Не в том ли и заключается хитрость фашистов, оставивших выход из огненного кольца?

А небо угрожающе прозрачно, барометр в командирской палатке сегодня утром предсказывал «сушь». Да, нужно выступать, выступать немедленно, двигаться как можно быстрее. Нужно скрыться в болотах, пока каратели не убедились, что в лесу не осталось ничего, кроме разрушенных землянок.

А тут еще новое осложнение. Прибежал расстроенный начхоз и доложил, что ему, при всех стараниях, не удалось погрузить на подводы часть боеприпасов, присланных Большой землей.

— Фуры?

— Сбросили все лишнее. Сам глядел. Даже Анна Михеевна хочет идти пешком.

— Вьючить верховых коней.

— Товарищ Рудаков, где ж кони? Их всего пять вместе с вашим. Разве поднимут? А мины — во! — Начхоз поднял вверх толстый палец, перепачканный в ружейной смазке. — Душа рыдает — такое сокровище оставлять!

— А что вы предлагаете?

Начхоз только развел руками.

Рудаков ожесточенно перечеркнул все, что с таким старанием нарисовал прутом на земле. Как не хватало им все это время оружия! Чинили трофейную рухлядь, добытую в бою. Подрывались на самодельных минах. А сколько смело задуманных диверсий прошло впустую из-за того, что эти самоделки в нужный момент не взрывались! Недостаток оружия и боеприпасов мешал отряду расти. И вот теперь, когда Большая земля так щедро снабдила его всем этим, оказывается — немалую часть полученного надо бросить!

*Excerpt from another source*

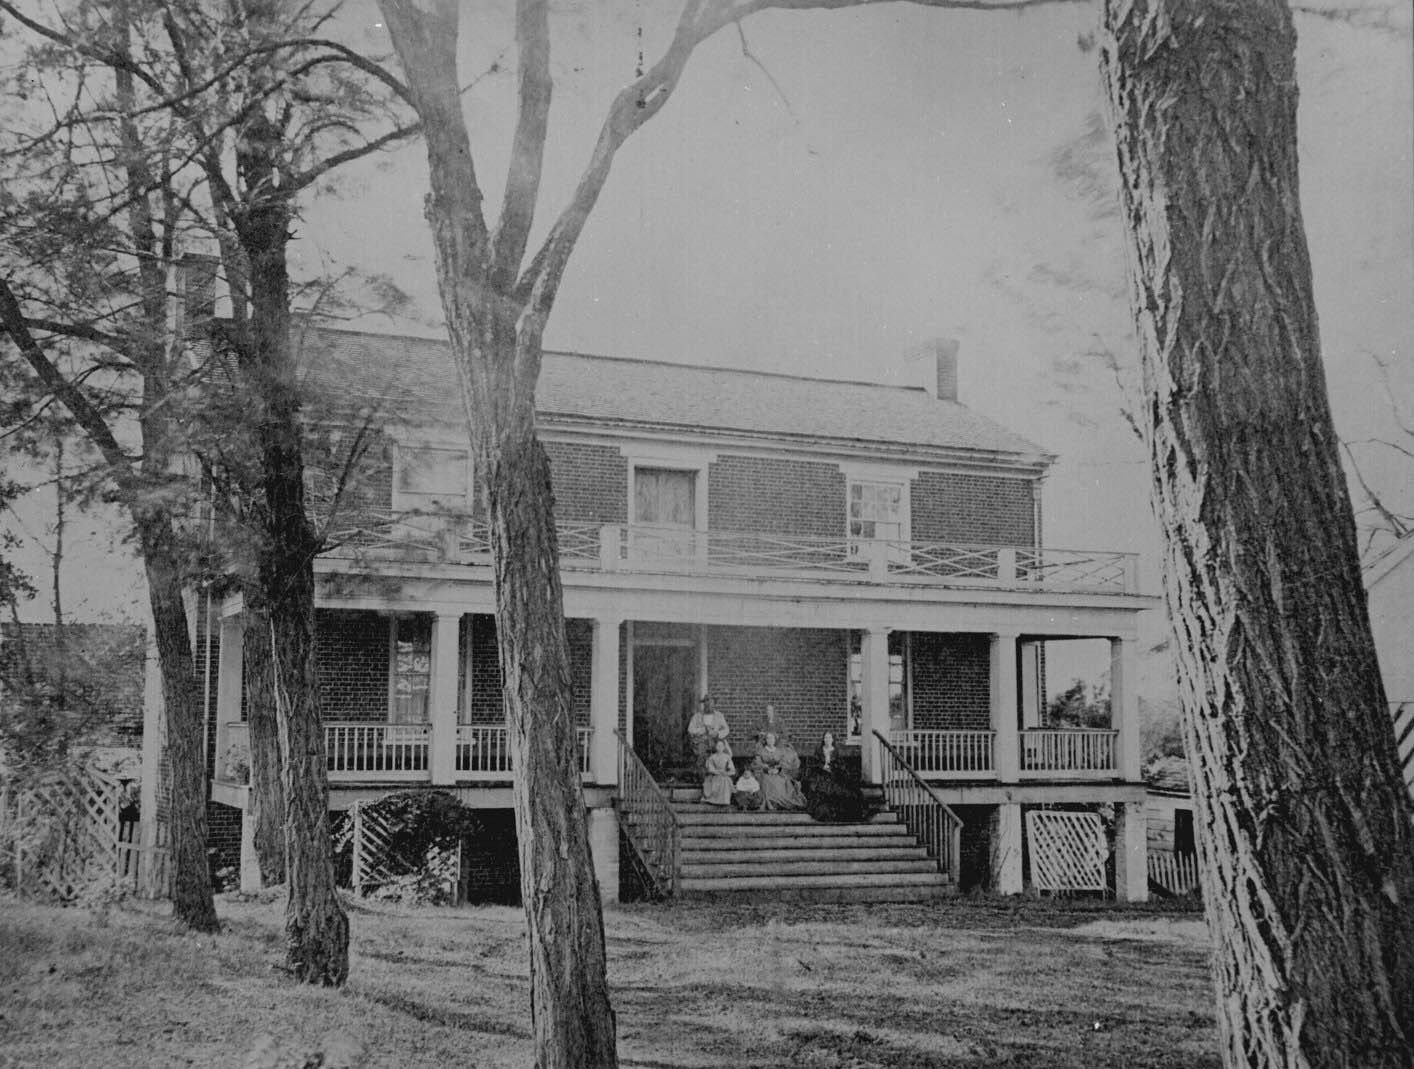 McLean house where General Lee surrendered. Appomattox Court House, Va., April 1865. Photographed by Timothy H. O'Sullivan.

— Давай ко мне коммунистов и комсомольцев! — скомандовал Рудаков адъютанту.

Он еще не решил, о чем будет говорить. Просто, по старой привычке, он в трудную минуту обращался к большевикам. Они собрались быстро, как будто сами уже ждали этого приглашения. Все они были при оружии, с вещевыми мешками. Рудаков показал им на еще не початые ящики, с которых начхоз и ремесленники срывали крышки. Под желтой жесткой вощанкой, точно коробки дорогих конфет, были рядами уложены хорошо упакованные магнитные мины, аккуратные кирпичики толовых шашек, коробки автоматных патронов.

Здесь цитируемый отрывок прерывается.